Ratings agency Fitch raised its view of Kazakhstan's credit
profile on Nov. 20 in recognition of the country's sovereign
balance sheet and initial efforts to cleanse bad debts from its
The BBB+ long-term foreign currency issuer rating, with a
stable outlook, pushed Kazakhstan firmly into investment grade
territory and a notch above Russia.
Kazakhstan's sovereign debt is just 11 percent of GDP, and
Fitch expects a budget surplus of 3 percent of GDP next year.
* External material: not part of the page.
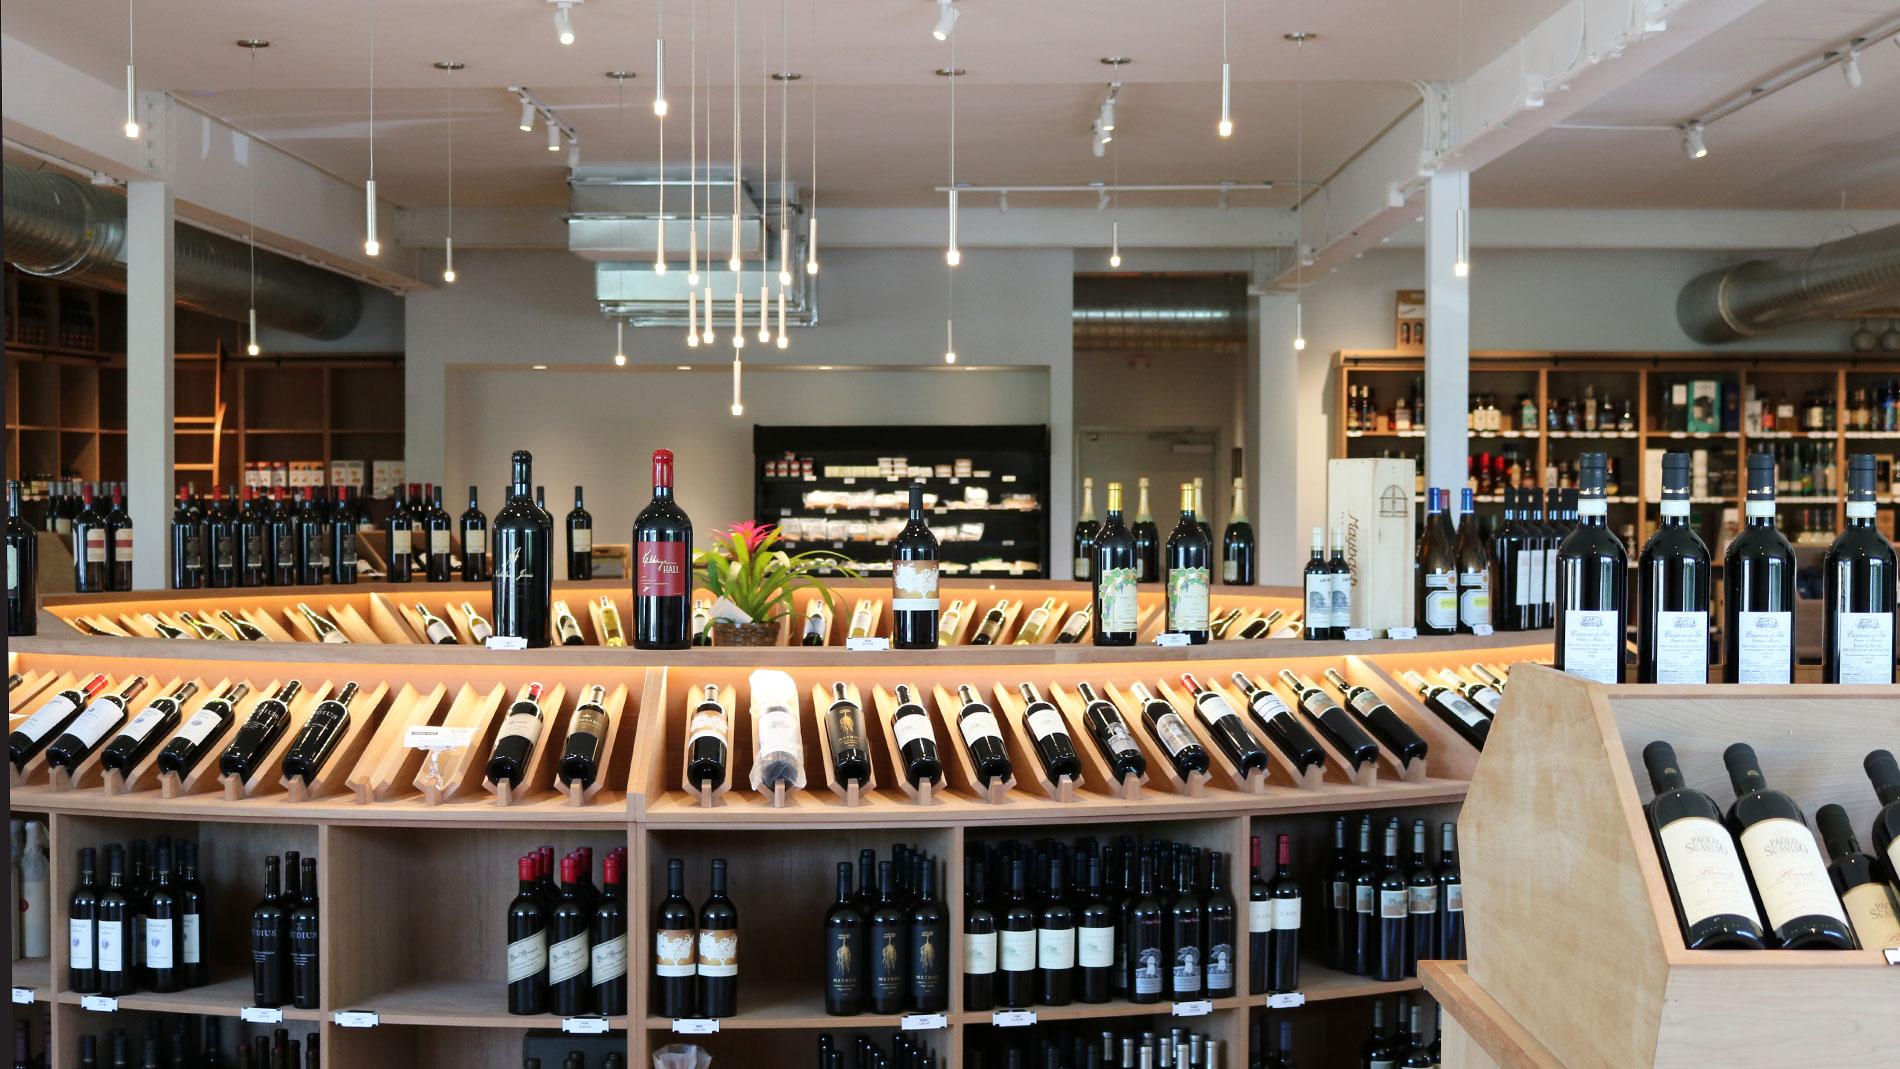 clayton winehouse
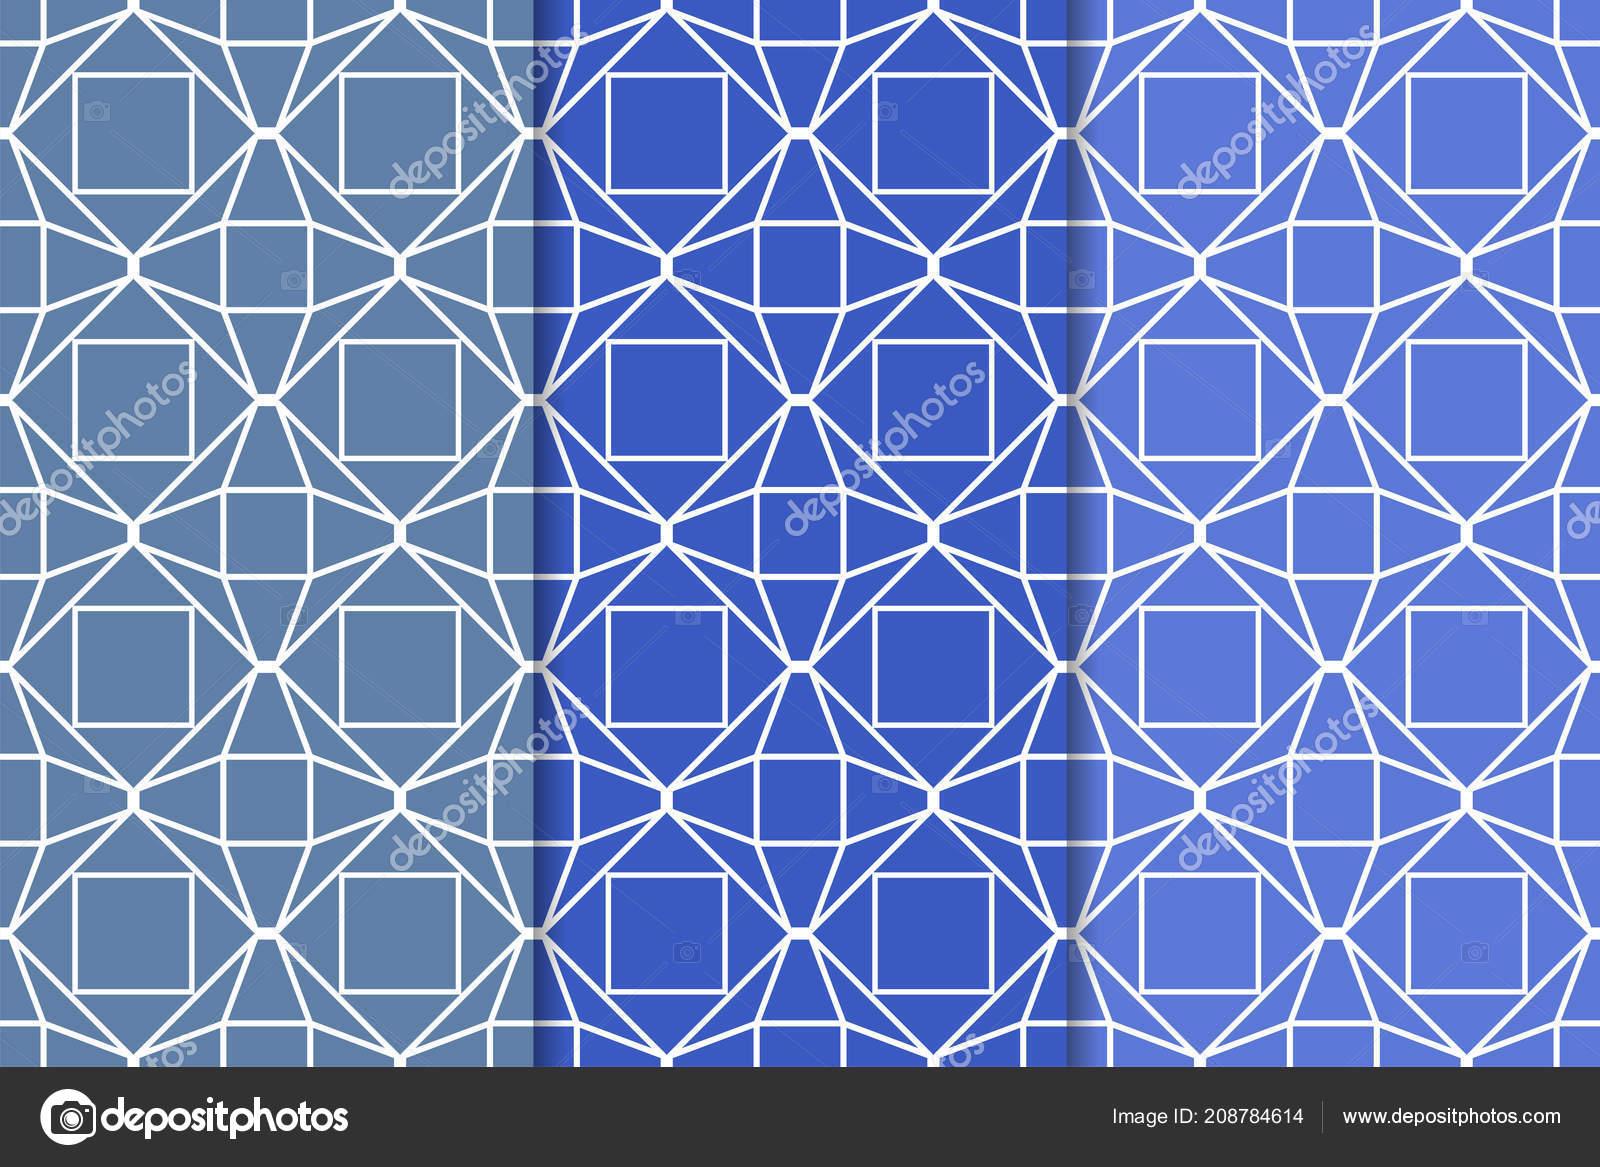 Web テキスタイルや壁紙のため垂直のシームレス パターンのブルーの

The state also saved more than half of oil export inflows
last year in a rainy-day fund. The National Fund had swollen to
$57.5 billion by the end of November from $43.7 billion at the
end of last year.
"Kazakhstan has built significant buffers to guard against
external shocks," Renaissance Capital said in a research note on
Dec. 5. "Its welfare fund's assets amount to 23.5 percent of GDP
versus 6.1 percent in Russia."
A slowdown in inflation earlier this year has prompted
Kazakhstan's central bank to cut its key refinancing rate on
four separate occasions since February. It has been at a
historic low of 5.5 percent since Aug. 6.
Annual inflation has since quickened, reaching 5.6 percent
in November after it became apparent the drought-hit grain crop
would be less than half of the record harvest in 2011.